Let \(T: X\to X\) be a mapping defined by \(T0=T3= T27=0\) and \(T3^{n+3}=3^{n+2}\) for each \(n\in\mathbb{N}\). Let \(\varphi: \mathbb {R}^{+}\to\mathbb{R}^{+}\) be a function defined by

$$\varphi(t)=\left \{ \textstyle\begin{array}{l@{\quad}l} t,&\mbox{if } 0\leq t\leq1, \\ t-1,&\mbox{if } t>1. \end{array}\displaystyle \right . $$

Then \(\varphi\in\boldsymbol{\Phi}_{\mathbf{w}^{*}}\), but \(\varphi\notin\boldsymbol{\Phi} _{\mathbf{w}}\); see Example 3.1.
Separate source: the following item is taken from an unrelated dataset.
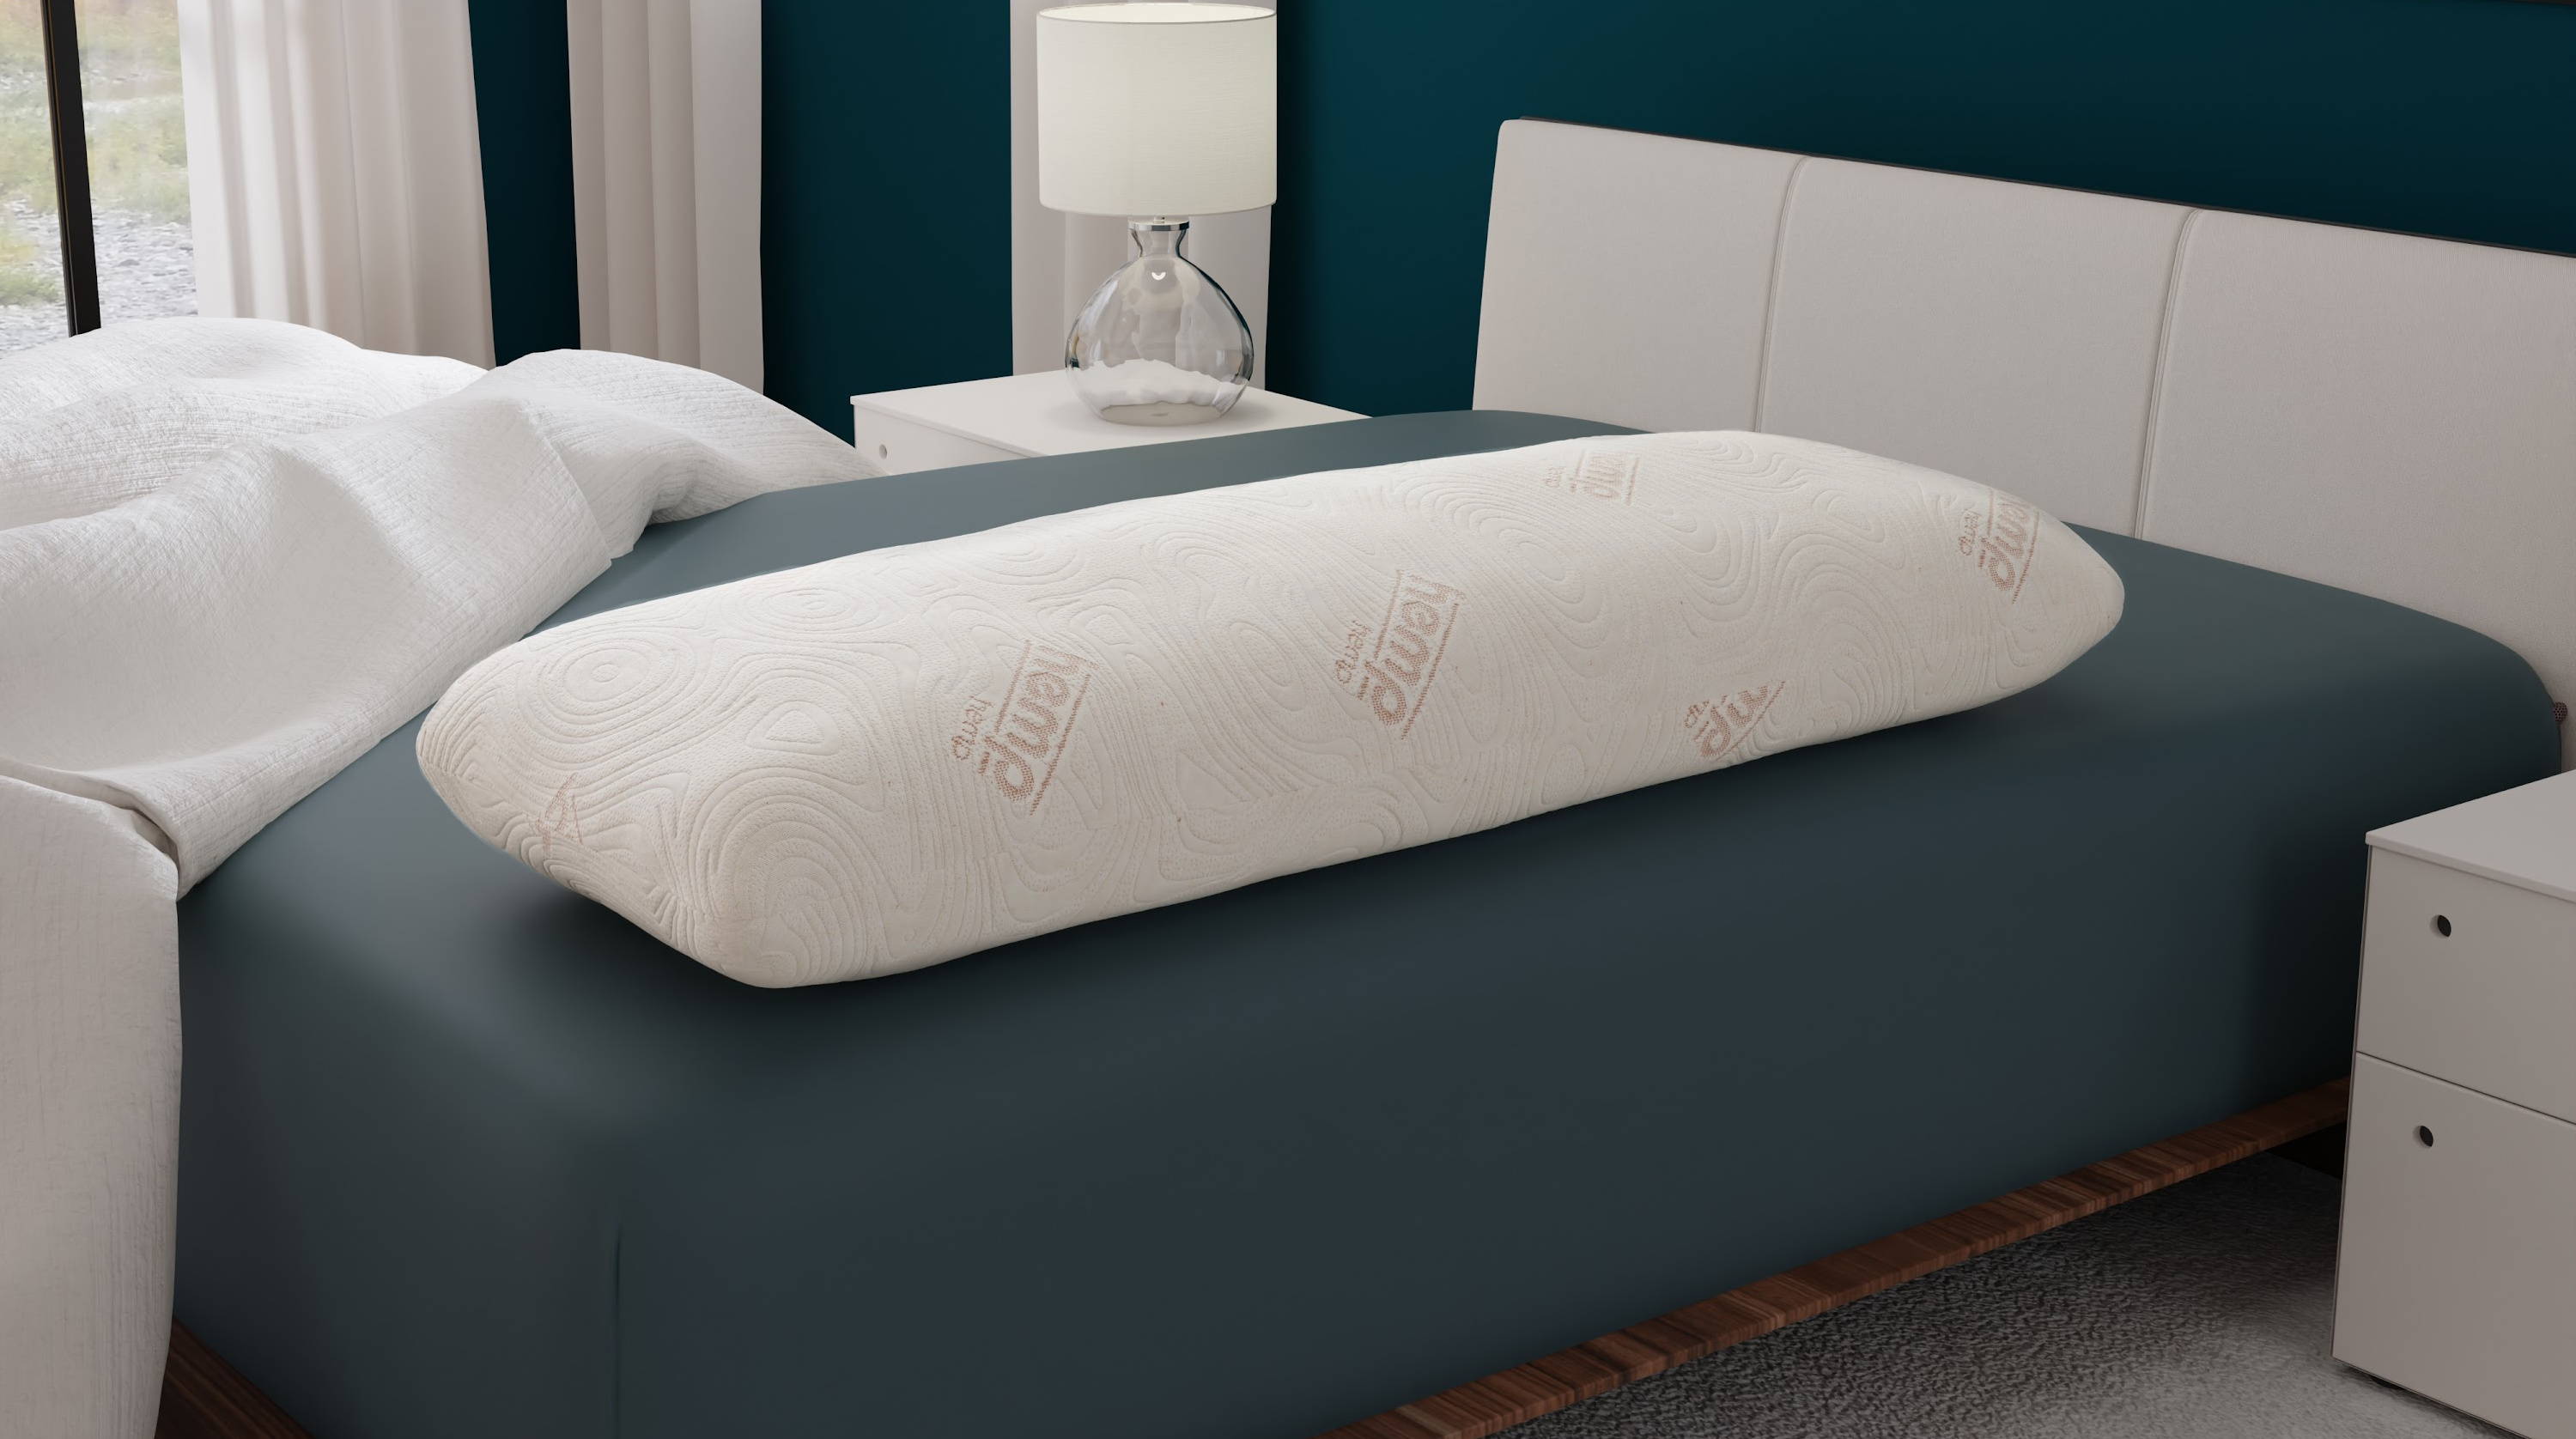 CBD and copper infused gel memory foam body pillow laying down longwise on a bed with a teal sheet.

Next we show that T is a probabilistic φ-contraction, i.e., T satisfies the following condition:

$$ F_{Tx,Ty}\bigl(\varphi(t)\bigr)\geq F_{x,y}(t)\quad \mbox{for all } x,y\in X \mbox{ and } t>0. $$
(3.12)

First, it is easy to see that for \(x,y\in\{0,3,27\}\), (3.12) holds for all \(t>0\) since \(T0=T3=T27=0\). Next we show that (3.12) holds for all \(x,y\in X\) with \(x\neq y\) and \(\{x,y\}\nsubseteq\{0,3,27\}\) and \(t>0\). Obviously, if \(|Tx-Ty|<\varphi(t)\), then \(F_{Tx,Ty}(\varphi(t))=1\geq F_{x,y}(t)\). So (3.12) holds. Now we consider all \(x,y\in X\) with \(x\neq y\) and \(\{x,y\}\nsubseteq\{0,3,27\}\) and \(t>0\) with \(|Tx-Ty|\geq\varphi(t)\) by the following cases:

  1. (a)

    For \((x,y)\in\{ (0,3^{n+3}),(3,3^{n+3}), (27,3^{n+3}):n\in\mathbb {N}\}\), it is easy to conclude that \(\varphi(t)\leq|Tx-Ty|\) implies that \(t\leq|x-y|\) for all \(t>0\). Thus if \(\varphi(t)\leq|Tx-Ty|\), then

    $$F_{Tx,Ty}\bigl(\varphi(t)\bigr)=\frac{1}{2}=F_{x,y}(t) \quad \mbox{for all } t>0. $$

    Therefore (3.12) holds.

  2. (b)

    For \((x,y)\in\{(3^{n+3},3^{m+3}): m,n\in\mathbb{N} \mbox{ with } m>n\}\), we have \(\varphi(t)\leq |Tx-Ty|=3^{m+2}-3^{n+2}<3(3^{m+2}-3^{n+2})=|y-x|\) for \(t\in(0,1]\). For \(t>1\), from \(\varphi(t)=t-1\leq|Tx-Ty|=3^{m+2}-3^{n+2}\), we have \(t\leq3^{m+2}-3^{n+2}+1< 3^{m+3}-3^{n+3}= |x-y|\) since \(3^{m+3}-3^{n+3}-3^{m+2}+3^{n+2}=2(3^{m+2}-3^{n+2})>1\). So \(\varphi (t)\leq|Tx-Ty|\) implies that \(t\leq|x-y|\) for all \(t>0\). Thus if \(\varphi(t)\leq|Tx-Ty|\), then

    $$F_{Tx,Ty}\bigl(\varphi(t)\bigr)=\frac{1}{2}=F_{x,y}(t) \quad \mbox{for all } t>0. $$

    Therefore (3.12) holds.

By the discussion above, (3.12) holds for all \(x,y\in X\) and \(t>0\). Therefore, T is a probabilistic φ-contraction. All the conditions of Theorem 3.1 are satisfied. By Theorem 3.1, T has a unique fixed point \(x^{*}\in X\). Obviously, \(x^{*}=0\) is the unique fixed point of T. However, since \(\varphi\notin\boldsymbol{\Phi}_{\mathbf{w}}\), Theorem 1.2, i.e., Theorem 3.1 of [14] cannot be applied to this example.

4 Conclusion

In this paper, we prove a new fixed point theorems for a probabilistic φ-contraction in Menger spaces. In the theorem, a more weak condition on the gauge function φ is required. Thus our result improves Theorem 1.2 of Fang [14] and some others, such as Jachymski [13], Ćirić [2], and Xiao et al. [19]. By using Theorem 3.1, it is easy to prove some fixed point theorems for φ-contraction in fuzzy metric spaces like Theorems 4.1-4.4 in [14]. For shortening the length of this paper, we omit the proofs of these theorems.